Supply glitches cause shares to fall 20 per cent
Supply chain glitches SUCH AS THOSE THAT CAUSE production and shipping delays are wiping 20 per cent off the value of company shares, a new study reveals.
Mr Sinclair said the three-year study investigated the stock market reaction around the time when firms publicly announced they were experiencing supply chain glitches and are based on 861 supply chain glitch announcements over the 1990s.
“On the day of the formal announcement, glitches are associated with nearly a 9 per cent decrease in stock price, which is a major blow in anyone’s yardstick,” Mr Sinclair said.
“But when stock price performance is examined from 60 trading days (90 calendar days) before formal announcement of the glitch to 60 days after the formal announcement, there is an average loss in shareholder value of about 20 per cent,” he said.
Mr Sinclair said another way to view this data was to consider the fact that on average stocks have gained 15 per cent annually in the last two decades.
“If effective supply chain management avoids one major supply chain glitch every 5 years, the average annual shareholder return would be about 19 per cent, a 27 per cent increase in average annual terms,” he said.
The key finding of this in-depth report is that ineffective management of supply chains destroys significant shareholder value.
These results also prove the importance of why senior management should be actively involved in, be concerned with and be fully aware of the performance of their firm’s supply chain.
Senior management must be on top of issues that affect the performance OF their supply chains.
“Avoiding or reducing the probability of glitches will prevent shareholder destruction, which is the flip side of shareholder creation.”
Although academics, consultants and logistics managers have widely talked about the compelling bottom line benefits of developing effective supply chains and the growth in shareholder value, few hard facts have been able to support these claims until now.
Significant losses occur irrespective of which link in the supply chain (SUPPLIER/MANUFACTURER OR CUSTOMER) is responsible for the glitch.
Supply chain glitch examples
Report on Supply Chain Glitches and Shareholder Value Destruction by Kevin Hendricks, The University of Western Ontario and Vinod Singhal, Georgia Institute of Technology
Firms that experience supply chain glitches caused by supplier or customers still lose about 9 to 12 per cent of their market value.
Parts shortage announcements were associated with a loss of 7.5 per cent in shareholder value.
If customers change their orders, a non-responsive and inflexible supply chain can be costly.
The importance of rapid ramp-up of new technologies and rapid rollout of products is underscored by the penalties incurred by firms when there are delayed.
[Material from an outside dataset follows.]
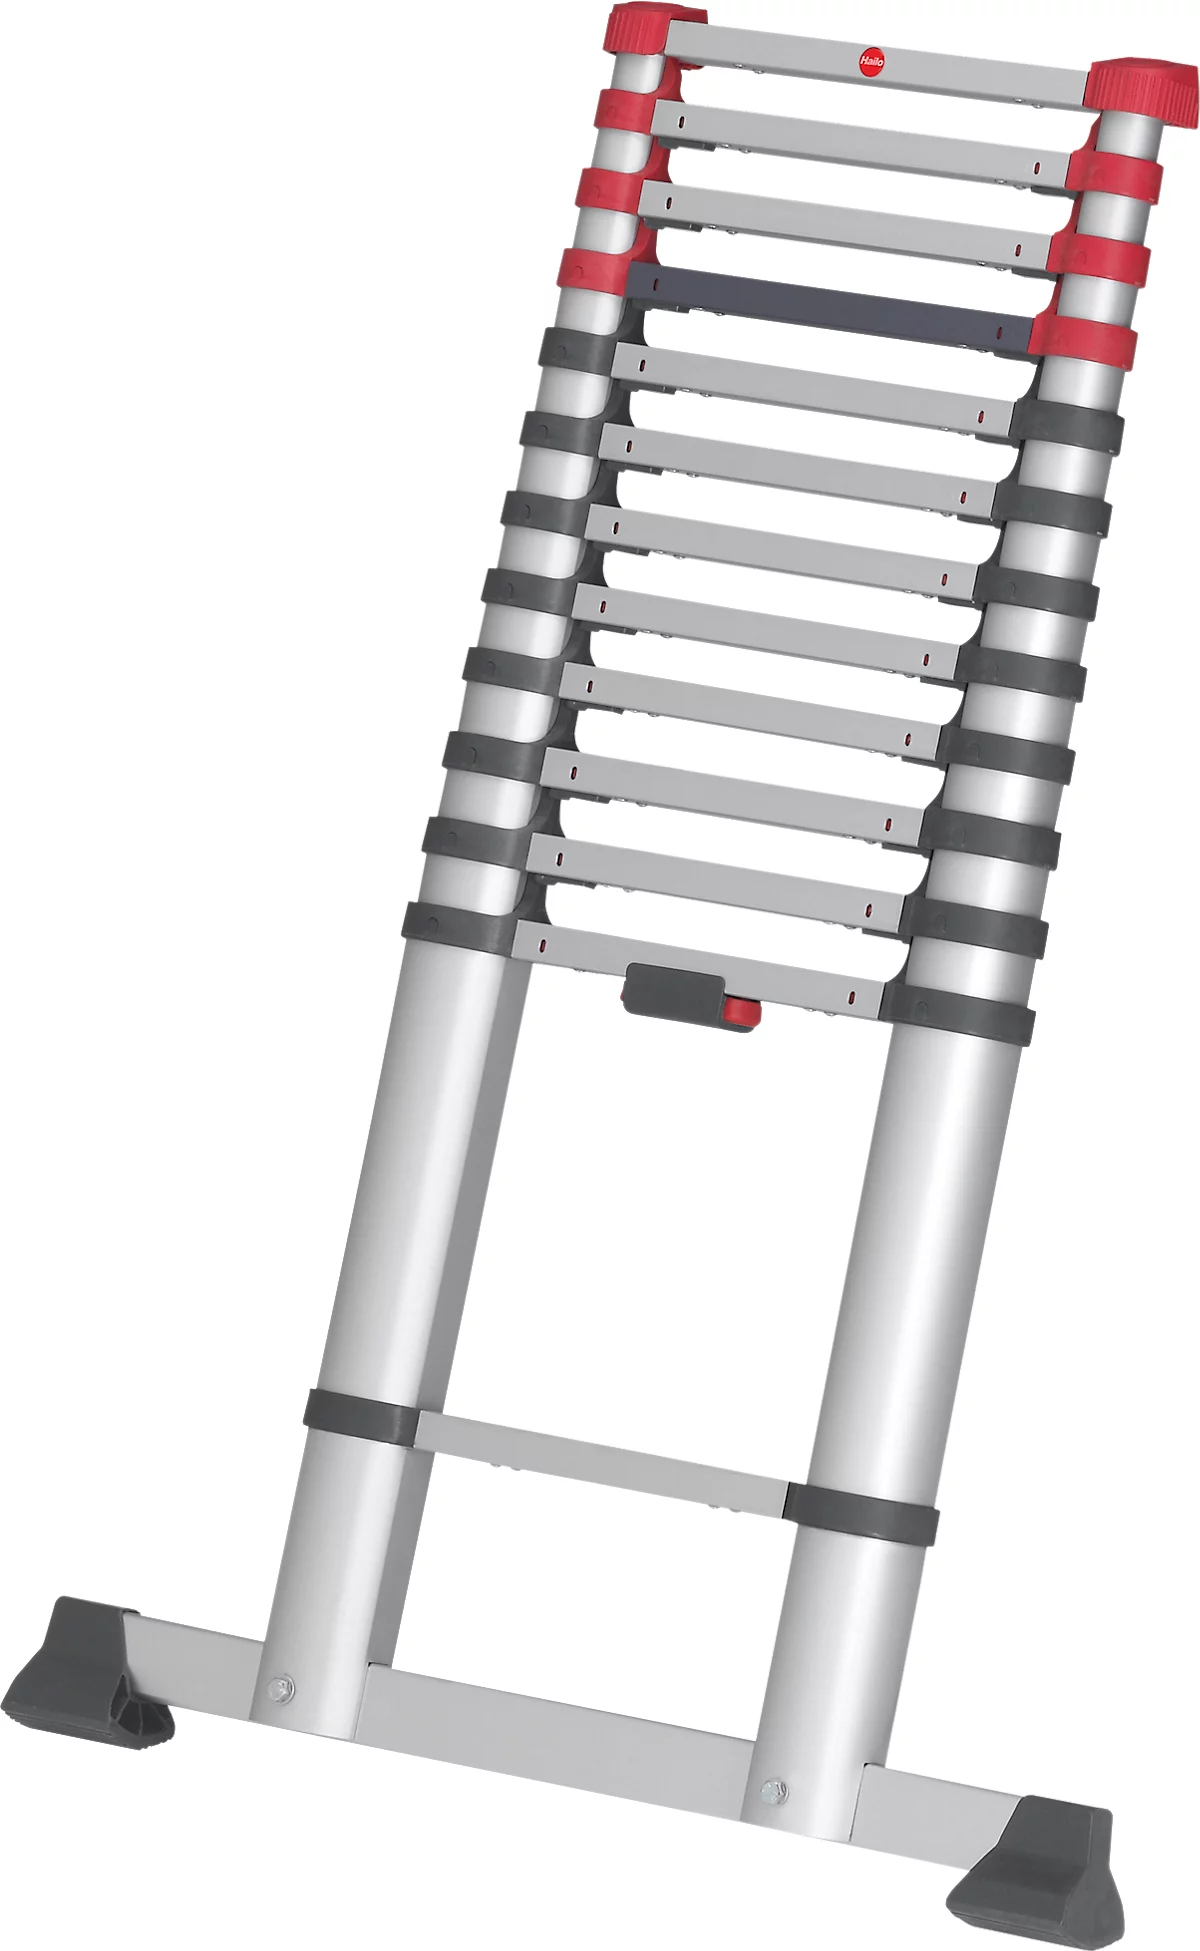 Teleskopleiter Hailo T80 FlexLine, EN 131-6, höhenverstellbar, Einhand-Entriegelung, Quertraverse, bis 150 kg, 13 Sprossen

The average loss in shareholder value in these delays is about 11 per cent.
The bottom line is get your supply chain synchronised and be careful how sensitive information is announced.
It is logical to assume that supply chain success stories should have the opposite affect and actually increase shareholder value. The larger the company the larger the savings from an inefficient supply chain. Reviewing the supply chain of a company that has an annual spend of say $800m – $1b (including make cost) it would be reasonably expected that savings in the order of $3-5% are possible. This has a substantial impact on shareholders investment as it maximises return on funds employed through reducing operating cost.
Many of our multi national customers are focusing on improvements to their supply chains as a way of improving competitive advantage.
The rewards are high for those willing to bite the bullet and tackle the hard issues.